The Game Based Approach is a modern take on the model Based Approach. It has similarities, however the goal and purpose is slightly different. The purpose of the GBA is simple: To get better at playing the game. This is refreshing as this approach can be used for ANY standard and can help achieve any goal. Unlike the model based approach, the GBA is much less restricted and supports players power as it forces the player to almost teach themselves. For example, let’s say a player needs to improve at hitting the ball with more height when pushed back behind the baseline. The coach will set up a specific and realistic scenario that can be found on the match court. The coach will then break the shot down with the player so that the player has to think for themselves. The coach may say things like “hit the ball when it’s dropping” (if we let the ball drop, we tend to hit the ball upwards), therefore the coach isn’t doing it for the player, the coach is simply guiding the player in the right direction but still allows the player to work it out for themselves. Because a specific scenario has been set, the player will then be able to relate to it when they are the match court. GBA requires a lot of technical and tactical knowledge from the coach, but if taught properly can be highly beneficial to any age and ability.

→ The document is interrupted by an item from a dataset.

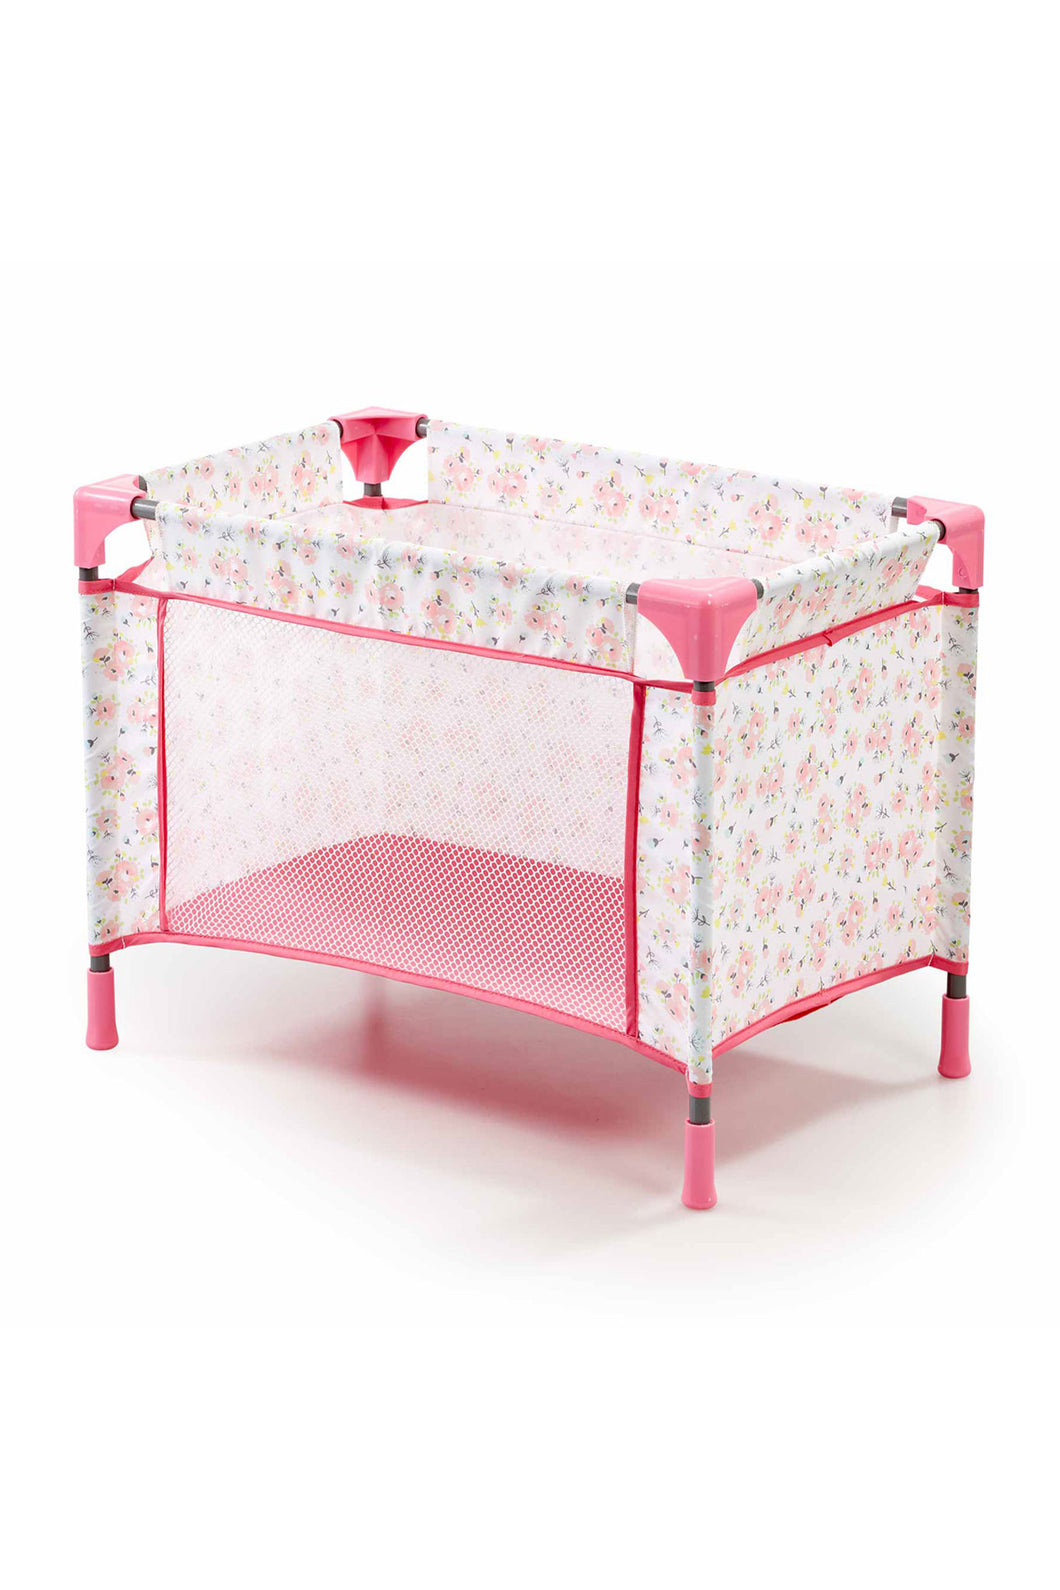 Cupcake Travel Dolly Bed

To compare the two, let’s talk about Golf. There are two options when you play Golf. The driving range, or the course. The MBA approach links well to the driving range. Very broken down and specific and involves minimal pressures such as wind direction or distance. If a player only practices his driver on the driving range and then suddenly goes on the course, how are they going fair? There are suddenly lots more parameters and stressors for the player to contend with. Their driving shot which was once working so nicely on the driving range, has now become under other pressures. Therefore, if a player combines their driving range practice (MBA) with frequent rounds on a course (GBA) then the player can maximise their learning so that they simply improve at the game.

What’s important to understand is that some players and people respond differently to different teaching styles, therefore coaches MUST be able to adapt to their player. Over time, I feel that both a mixture of MBA & GBA approach tend to work. Teach the player in a simple, no pressure situation (MBA) and then let the player improve at that, by themselves, in a realistic and more pressured situation that aids in player power and realism GBA).

The next time you teach someone, try and think of different ways you can teach the person or player. What do they respond to? What do they enjoy the most? Essentially, a coach must adapt and allow their player to grow and improve through their own learning. I have never been a fan of doing everything for a player. Of course sometimes, especially if they’re young, coaches may need to offer an extra hand and help them in a simple and closed manner. However, at some point the player/person will need to work things out for themselves. Therefore it’s important that the coach gives the player enough independence and power through their own learning, to improve themselves in difficult real life situations.